St. Augustine wrote the first Christian Just War Theory (CJWT) in the late Fourth Century, making legitimate, in certain rare circumstances, killing by Christians in wartime, which had been long forbidden to the followers of Jesus.

Soon thereafter, Christianity became a religion of justified violence, contrary to the teachings and modeling of Jesus, and it remains that way until this very hour. However, it is generally agreed among Just War scholars that no war in the past 1,700 years has been conducted according to the principles of the Christian Just War Theory; that if the actual principles were applied to an impending war, they would lead Christians back to its original pacifist stance. And so the principles of the CJWT are not taught to the vast majority of Christians.

So, the blanket condemnation of homicidal religions, especially Christianity, is justified up to the point of acknowledging that the bulk of the Christian church, over the past 17 centuries, has ignored – or become apathetic to – the nonviolent teachings of Jesus (forgiveness 70 X 7, unending mercy, ministering to “the least of these” and the unconditional love of friend and enemy).

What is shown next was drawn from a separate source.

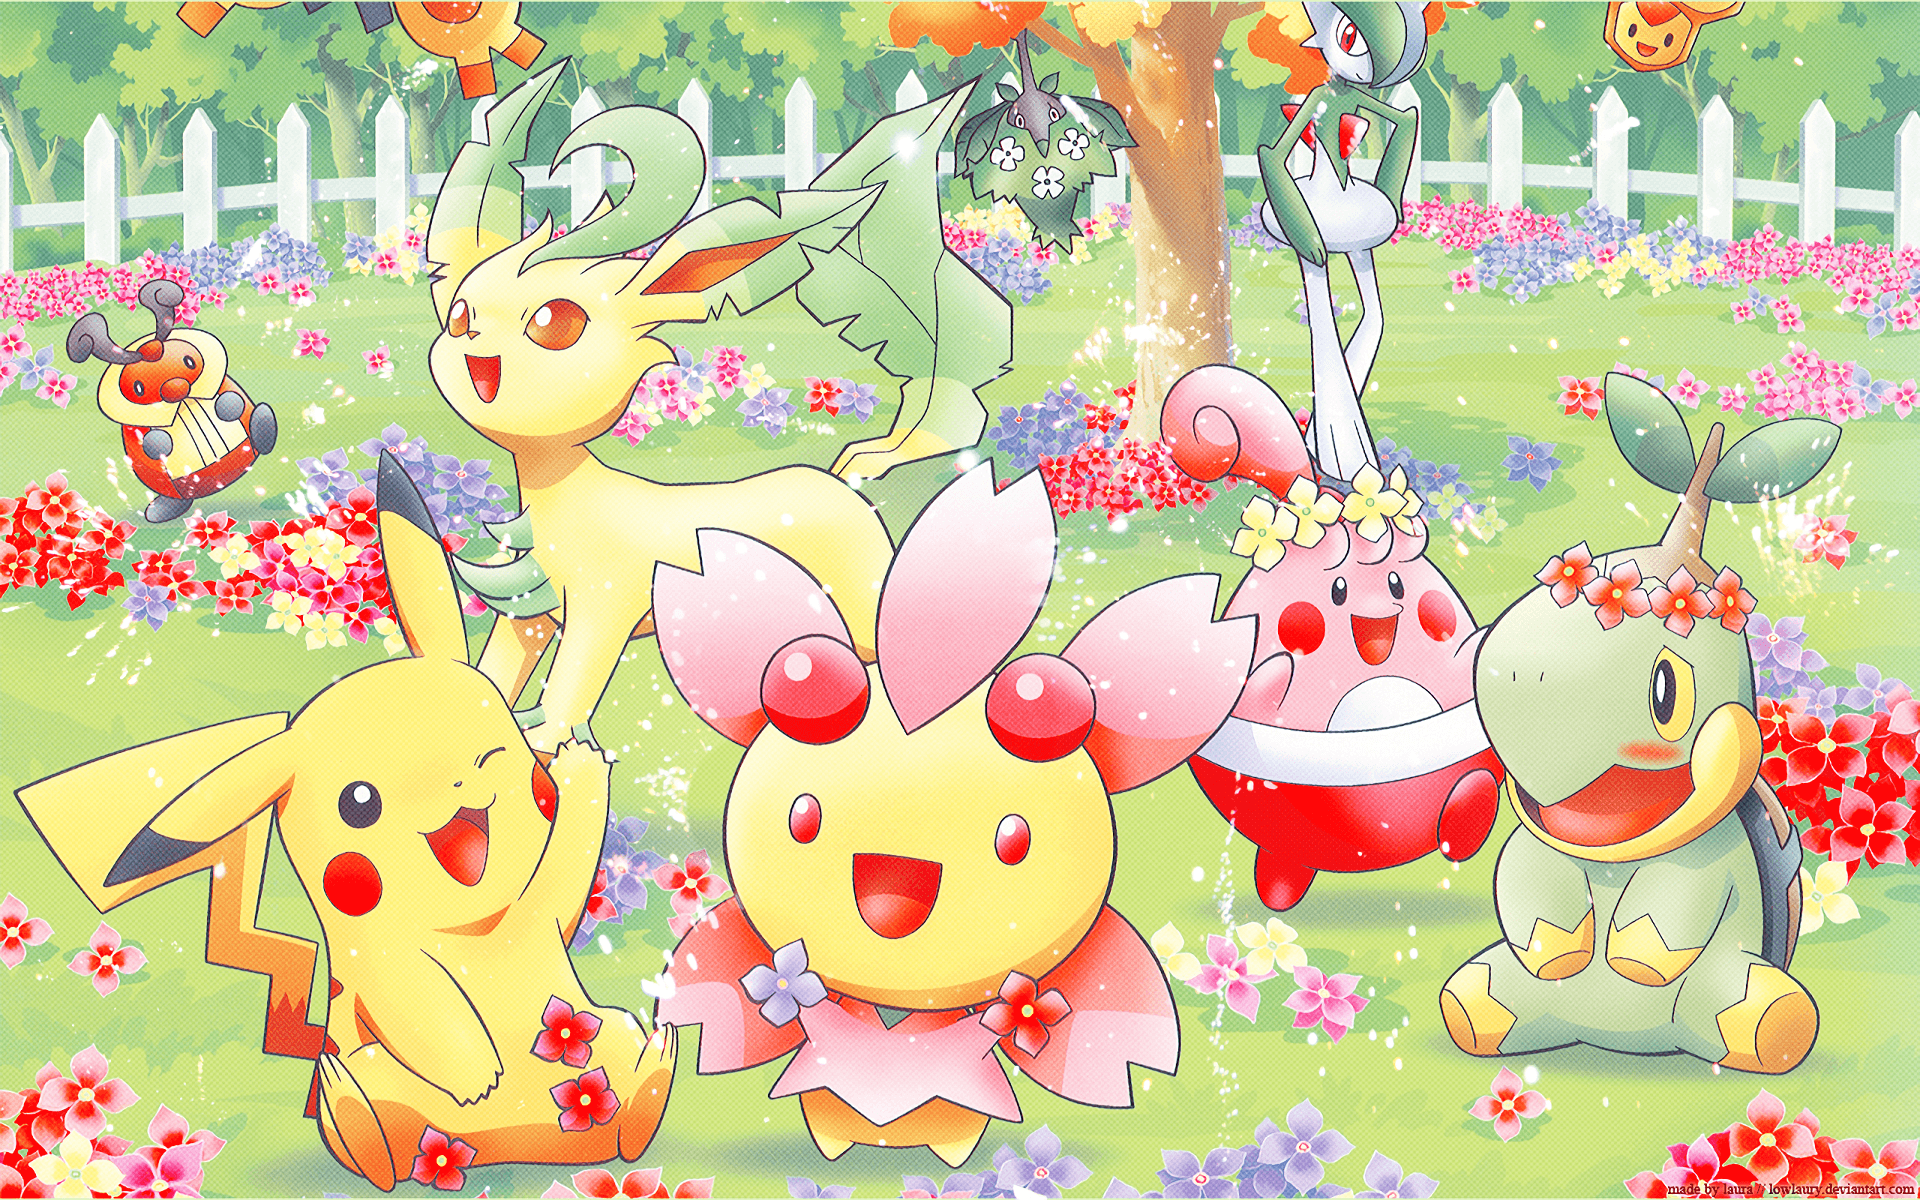 Cherrim (Pokémon) HD Wallpaper and Background Image

Among the realities that keep the churches silent, of course, are the fear of losing the largesse of state-granted tax-exempt status and the threat that their pro-war, dues-paying members might object or leave if church leaders were to speak out prophetically about the ethics of the Sermon on the Mount and the incompatibility of nationalistic militarism with the life and teachings of Jesus.

But the Christianity of the first few centuries, when Christians refused to take up the sword, should not be condemned. Rather, critics of Christianity should start challenging the churches to go back to their roots where evil was not allowed to run rampant, but rather was aggressively and courageously resisted using the nonviolent methods of Jesus and his inspired disciples like Tolstoy, Gandhi, Dorothy Day, A. J. Muste, Martin Luther King, the Berrigan brothers, John Dear, Kathy Kelly and a multitude of other courageous prophetic voices.

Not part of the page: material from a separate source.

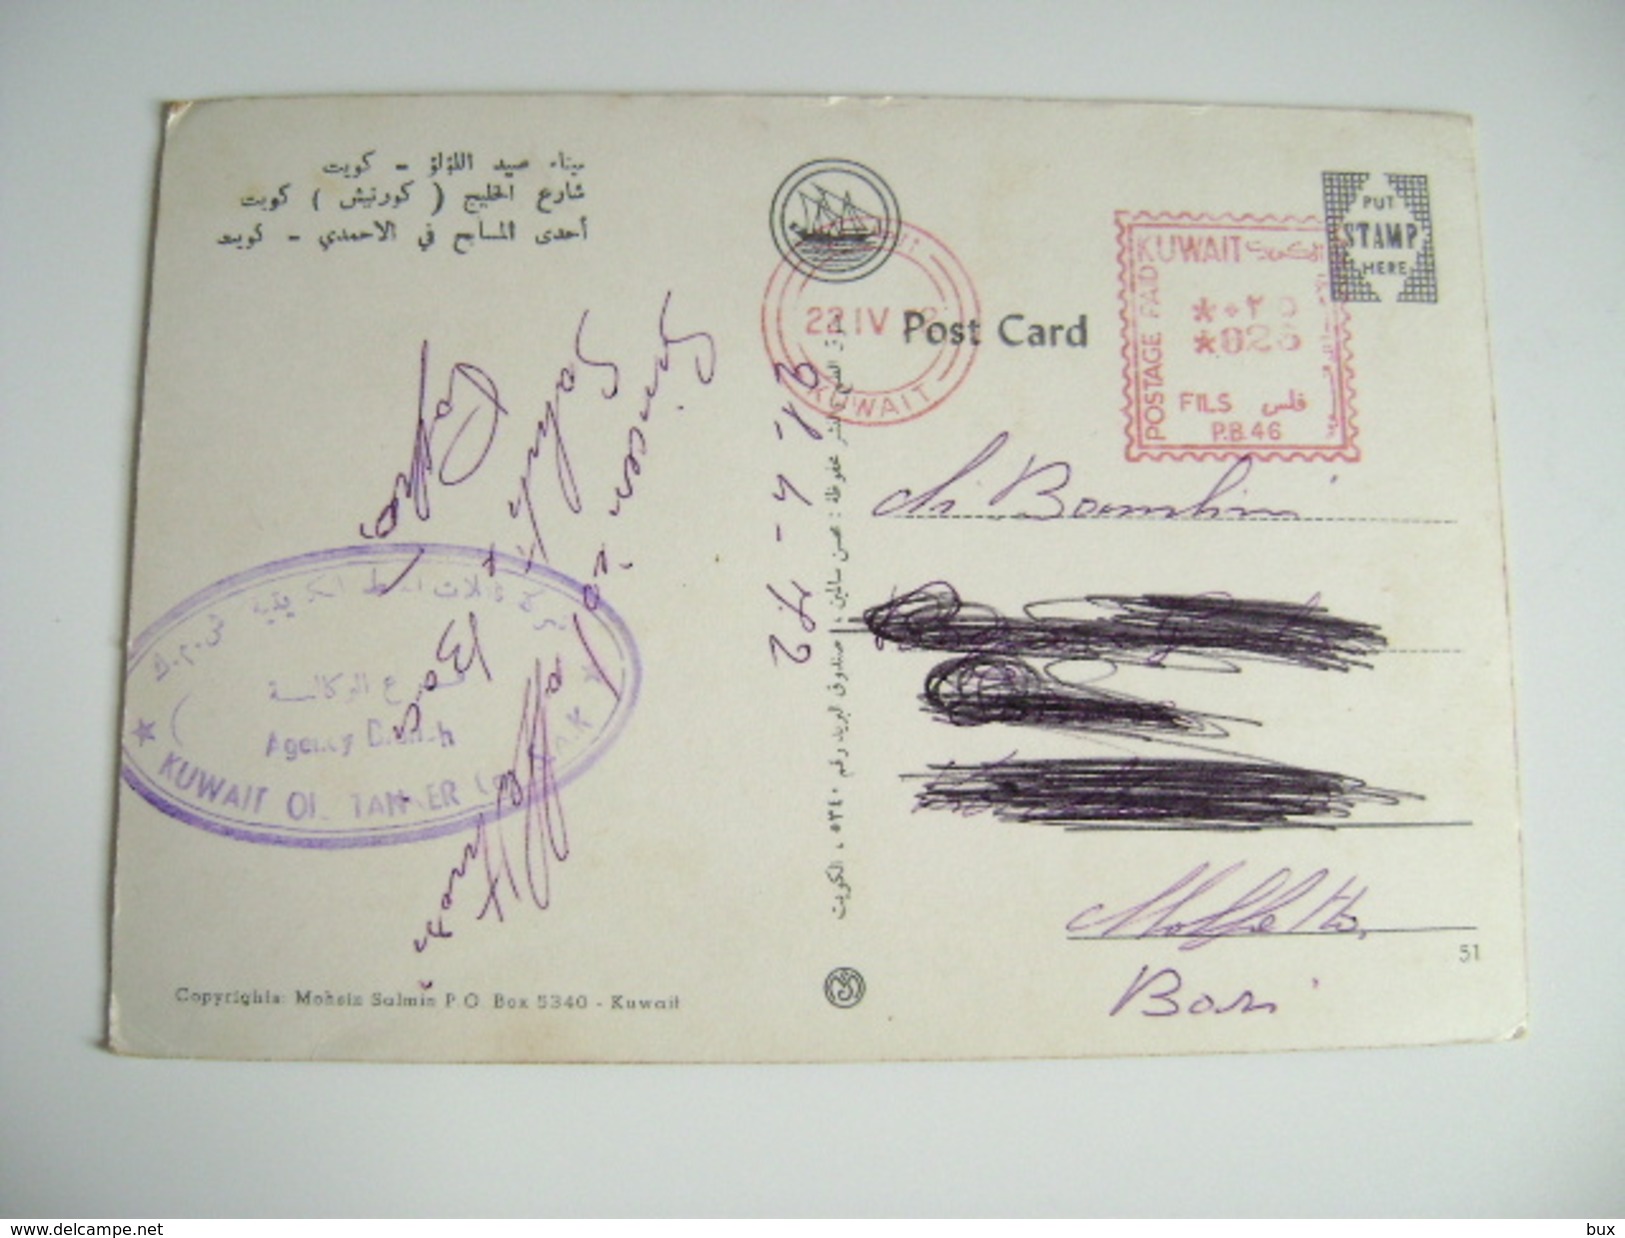 1972  KUWAIT   TIMBRE  Kuwait Oil Tanker   Agency Branch  Marine   PIN  UP  FEMME BIKINI  COSTUME  POSTCARD  USED - Koweït

The major motivation for the legendary civil disobedience of those modern-day prophets was their commitment to Jesus and the way he lived his life as pacifist (not passive) active resistor to evil.

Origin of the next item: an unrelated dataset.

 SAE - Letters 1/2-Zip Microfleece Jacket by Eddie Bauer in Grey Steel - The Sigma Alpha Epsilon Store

The followers of that very real Jesus should be courageously “going to the streets” and saying “NO” wherever and whenever fear and hatred raise their ugly heads and try to provoke violence — no matter if it is coming from the US Congress or the Parliament in London, the Oval Office or # 10 Downing Street, in the Knesset or in the headquarters of Hamas, whether in Tehran or in Baghdad or in the Vatican or in Colorado Springs or in the bowels of the 700 Club – or from within the local parish.

Jesus, a Nonviolent Leftist

Jesus of the Gospels was an outspoken, nonviolent leftist who tried to reform his authoritarian conservative, dogmatic church but also refused to shut up with his call for justice for the down-trodden — even when his superiors threatened him with serious consequences if he didn’t.

The economic model of Jesus’s early church was socialist, where the resources of the group were shared with the widow and orphans and others who didn’t have enough. He would have stood, like the prophet he was, in solidarity with pacifists, socialists, antiwar activists and feminists and surely would have marched in nonviolent antiwar rallies.